India and FOBS: Deterrence maintains the equilibrium
What does this Chinese FOBS test mean for India? The word future in the context of Sino-India relations challenges even the most unwavering.For decades the Chinese government has refused to settle the boundary dispute despite New Delhi's earnest efforts and last year the PLA entered deep inside Galwan resulting in the deadliest border clash between India and China in decades. Exceptional payloads like FOBS that need heavy, silo-based rockets are somewhat less than perfectif there's a credible threat of an enemy pre-emptive strike. Furthermore, China's FOBS are not necessarily India specific. But nonetheless, China's FOBS capability is yet another challenge that India will have to tackle because at the very least it will allow the PLA leadership to divert more
Intermediate-range ballistic missiles (IRBMs), Submarine-launched ballistic missiles (SLBMs) and long-range cruise missiles towards India and use their FOBS capability to target countries halfway across the world.

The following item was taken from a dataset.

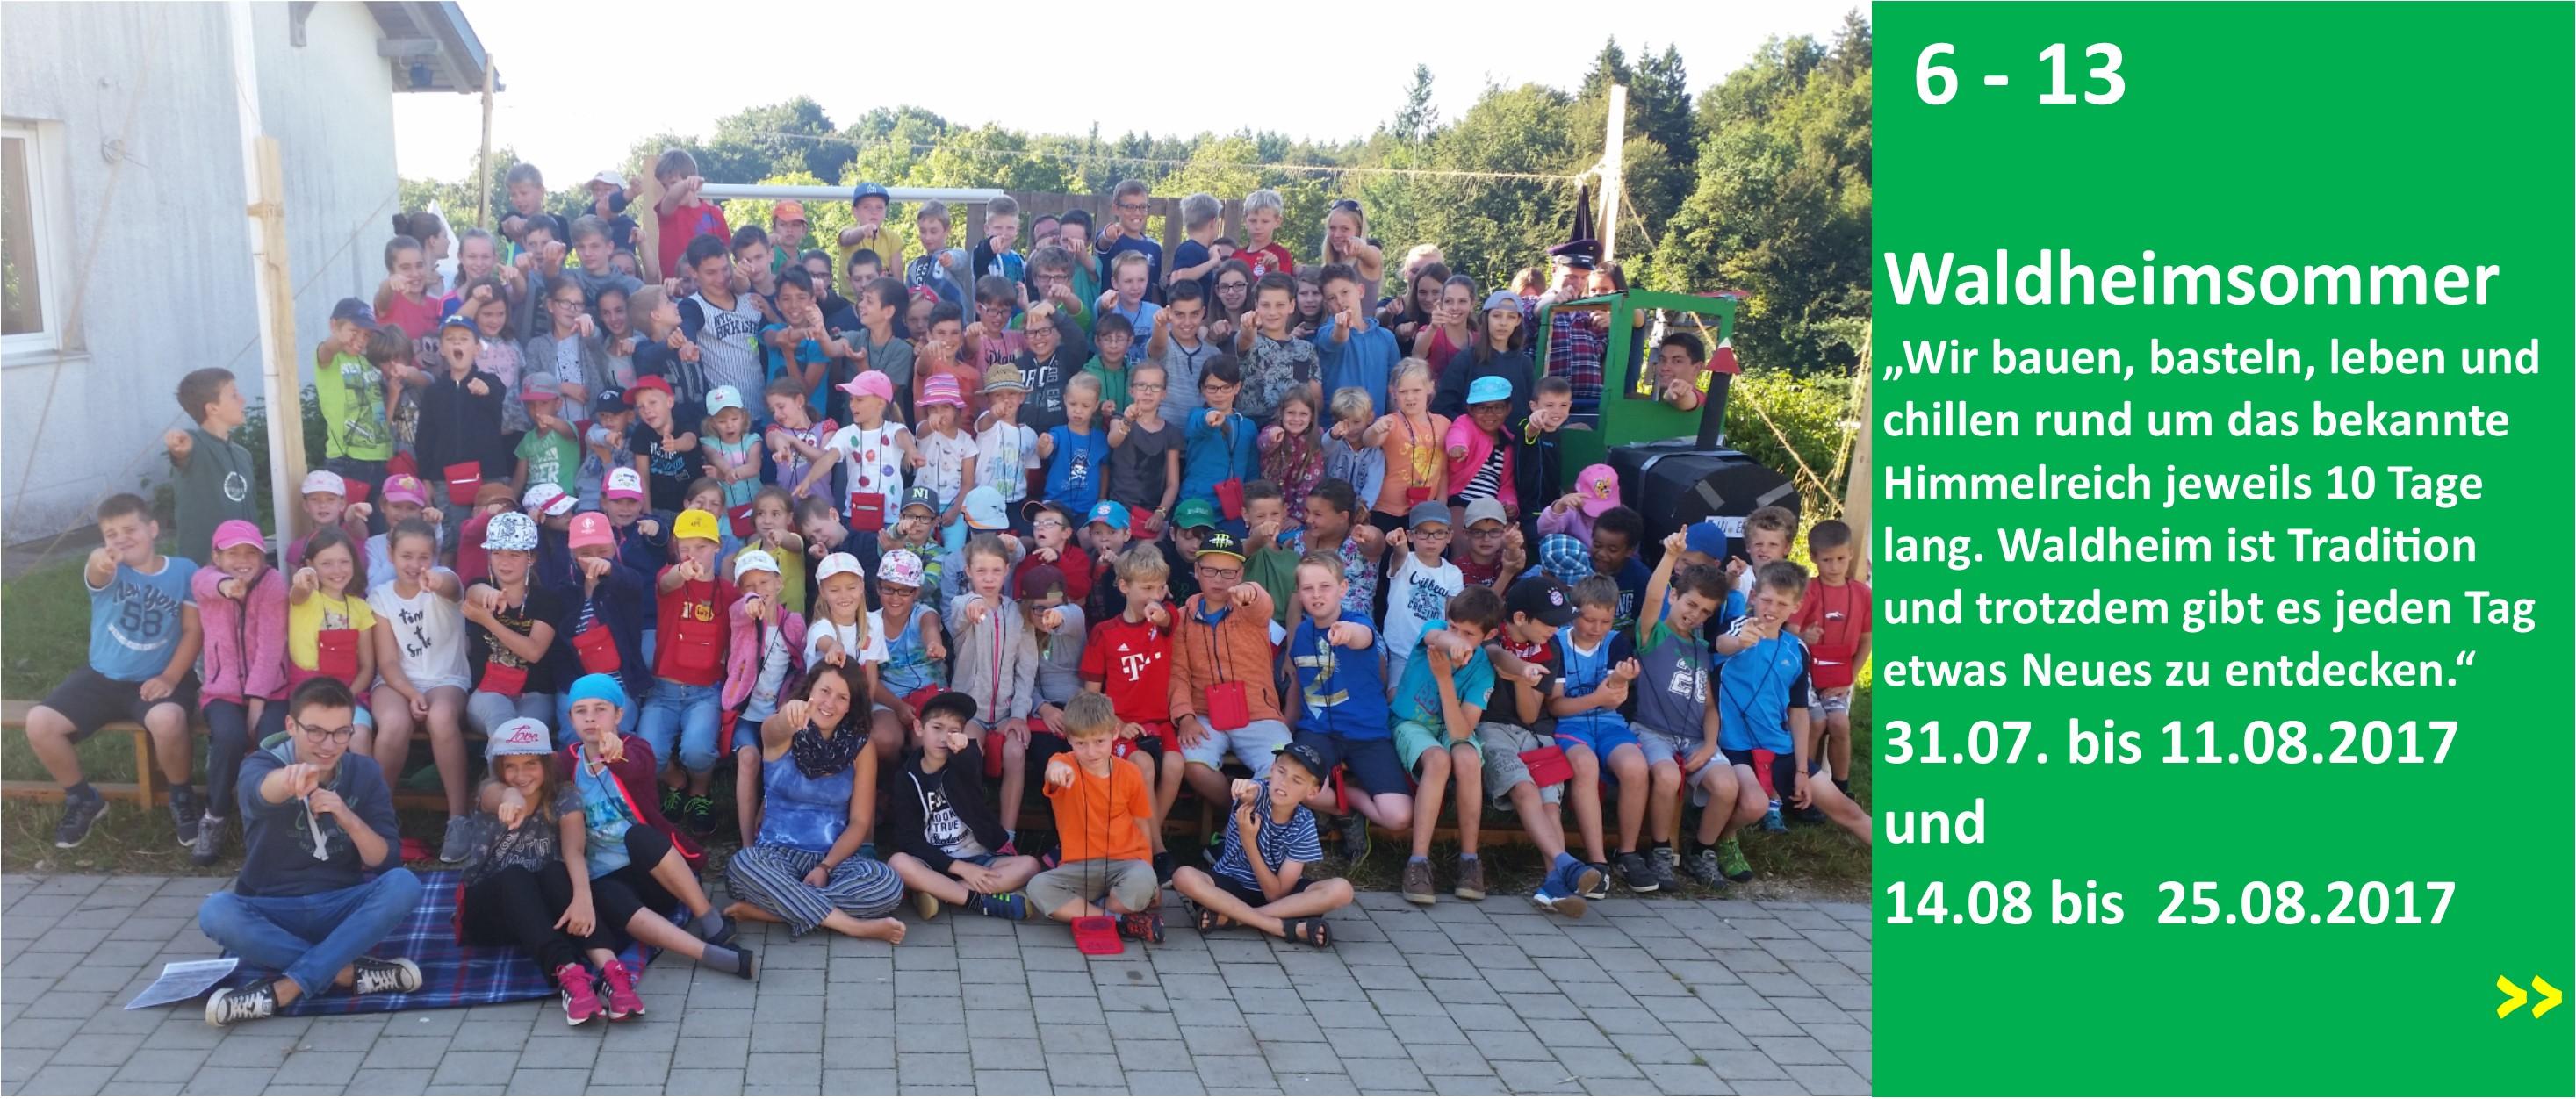 waldheim_titel_2017

First, India will have to augment its nuclear stockpile considerably and also the means of delivering them. Procurement of MIRV capable AGNI-V ICBMs and submarine launched SLBMS need to be increased immediately.Western intelligence community are of the opinion that China has many more nuclear warheads than the commonly quoted figure of 350 and recently commercial satellite images obtained by researchers at the James Martin Center for Nonproliferation Studies in Monterey, Calif., show China has begun construction of more than 100 new silos for ICBMs. Ergo, India needs to significantly increase its stockpile of nuclear weapons so that it dwarfs the collective nuclear stockpile of both China and Pakistan. Such strike capability needs to be backed up by advanced real-time imagery and data fusion powered by Edge Computing that will allow precision strike of even the adversary's road mobile and rail mobile missiles. The Indian government must also invest in underwater vehicles and long-range cruise missiles that use nuclear energy as their primary source of propulsion.
Second, India needs to drastically increase the number of military satellites that it operates in LEO. At the same time leverage existing real time intelligence sharing agreements that it has with friendly countries to track any Chinese space plane that is deorbiting.

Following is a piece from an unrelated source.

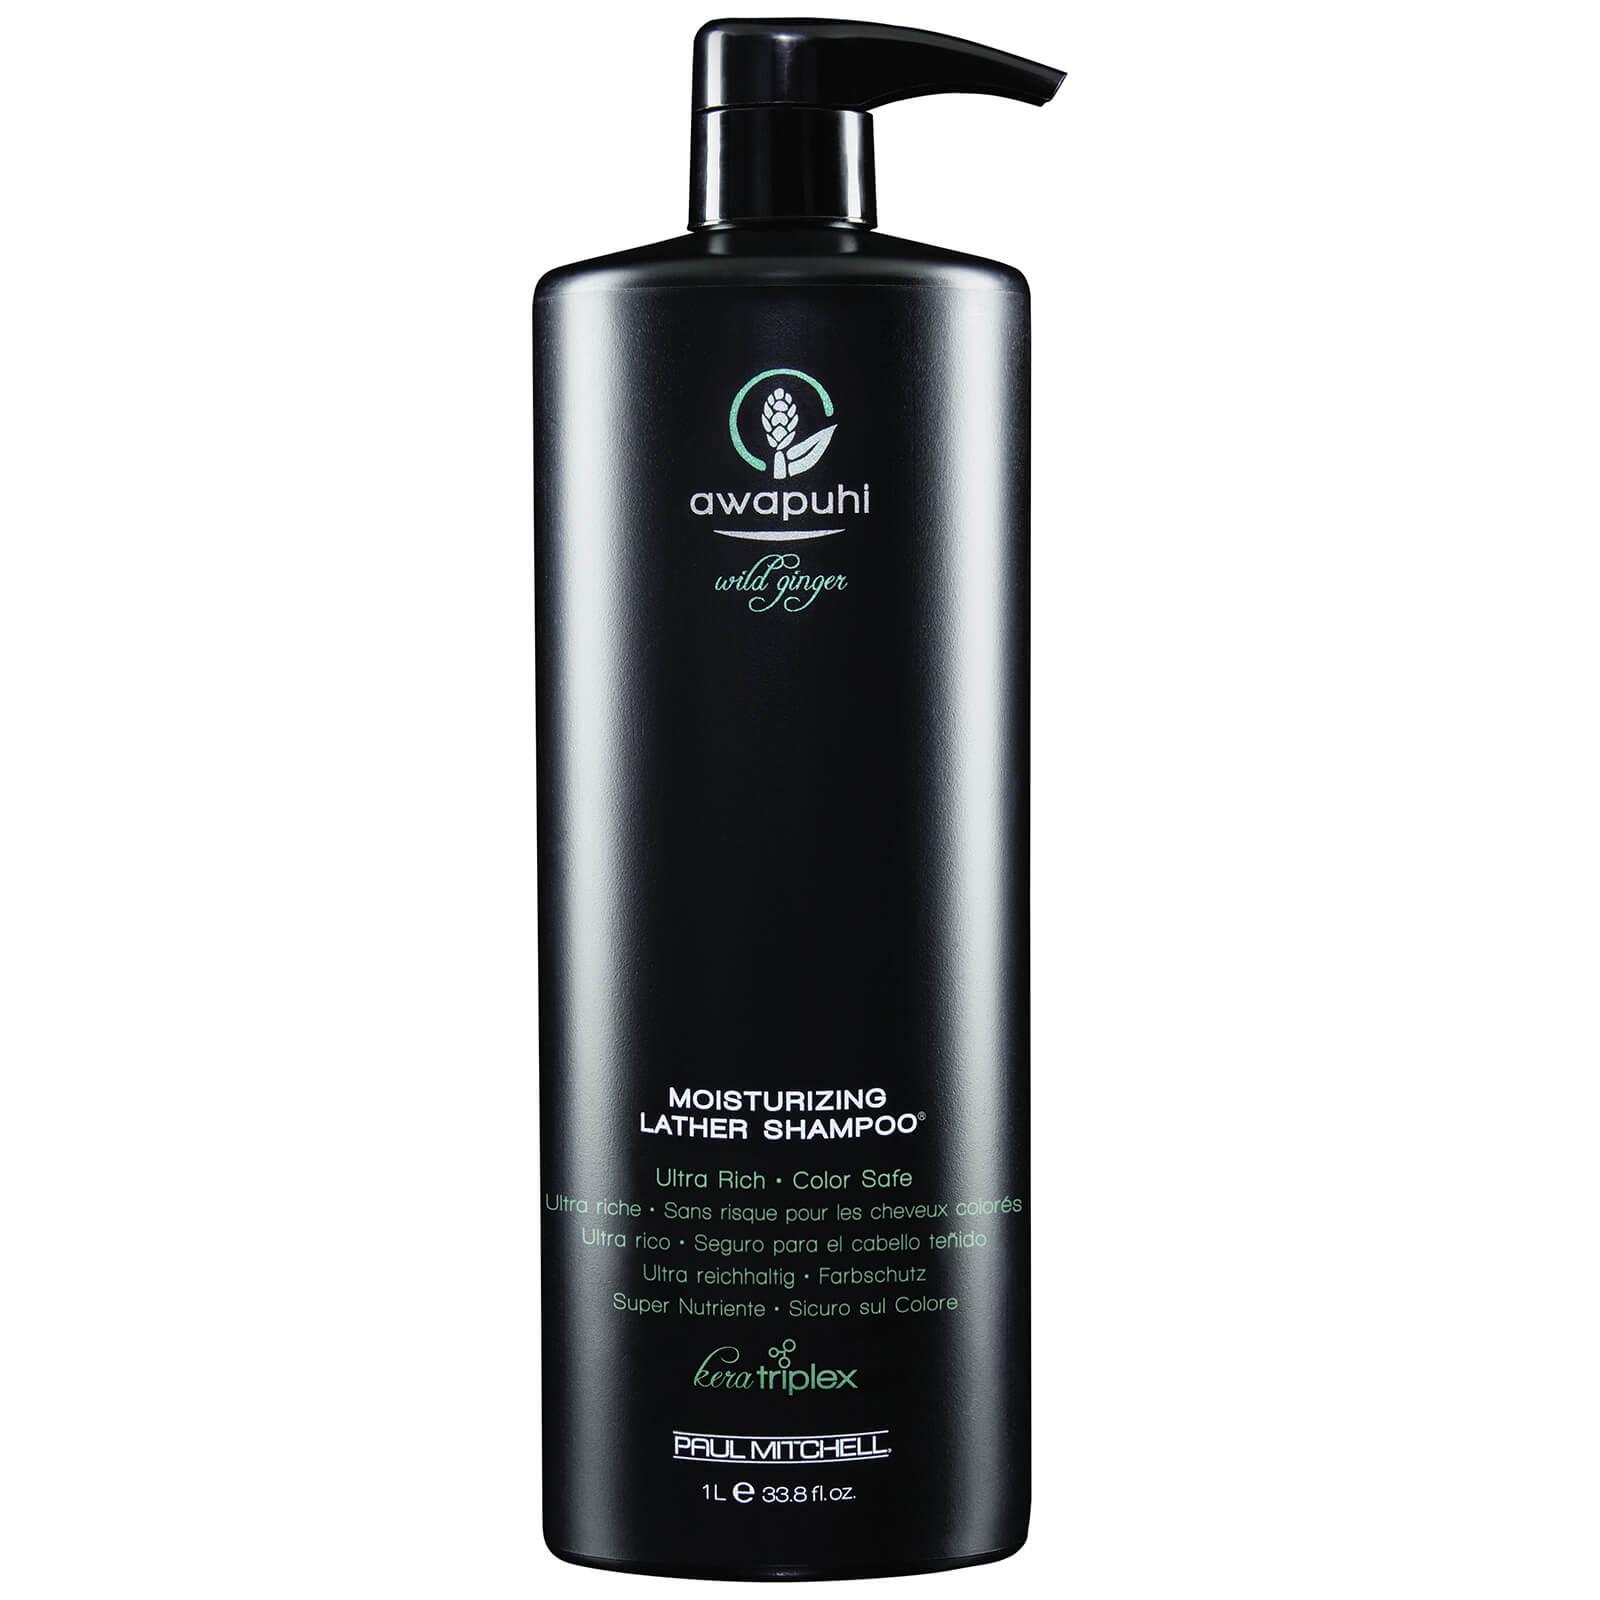 Paul Mitchell Awapuhi Wild Ginger Moisturizing Lather Shampoo 1000ml ... f8a2e514c2

Third, the Indian Space Research Organisation (ISRO)’s has already developed the reusable launch vehicle prototype RLV-TD. A variant of this launch vehicle needs to be developed that can serve as a space plane. This space plane can be boosted into space by a GSLV launch vehicle. Such a space plane can be used not just to test reconnaissance and spy sensors but also to deliver weapons from space.

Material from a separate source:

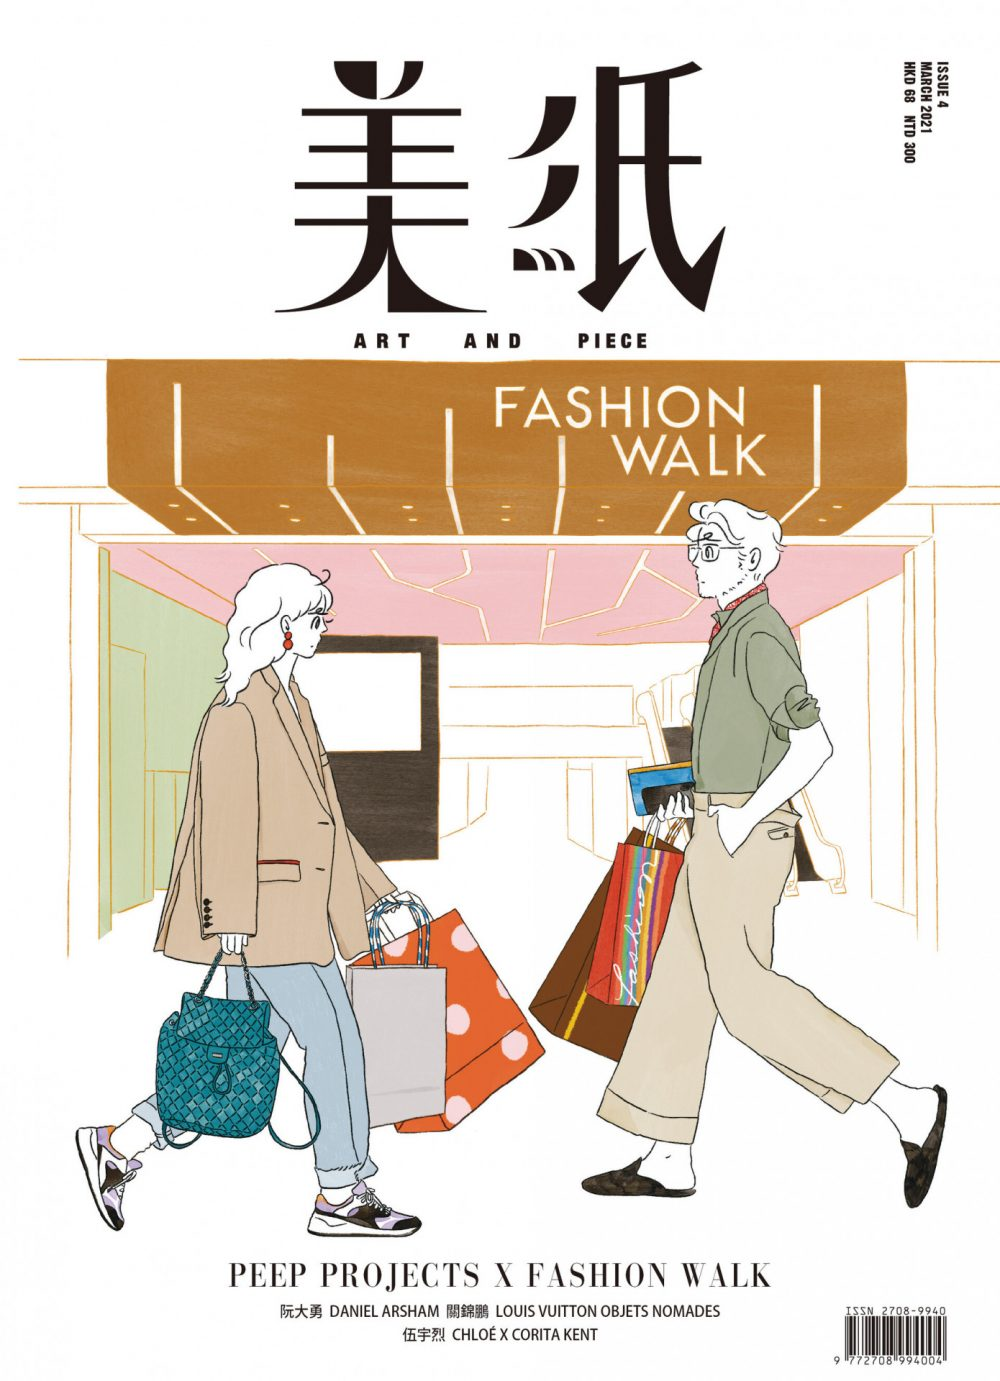 ISSUE 4 – Peep Projects X Fashion Walk

Just like the five permanent members of the United Nations Security Council, India too will have to maintain the equilibrium through deterrence. The world is once again entering a new phase of nuclear and related arms race that is both multifaceted and multilateral. China is taking full advantage of the fact that the Anti-Ballistic Missile Treaty is no longer in force. Therefore, to prevent China from pursuing unacceptable actions or to force it into desired behavior, India's nuclear deterrence capability needs to be credible.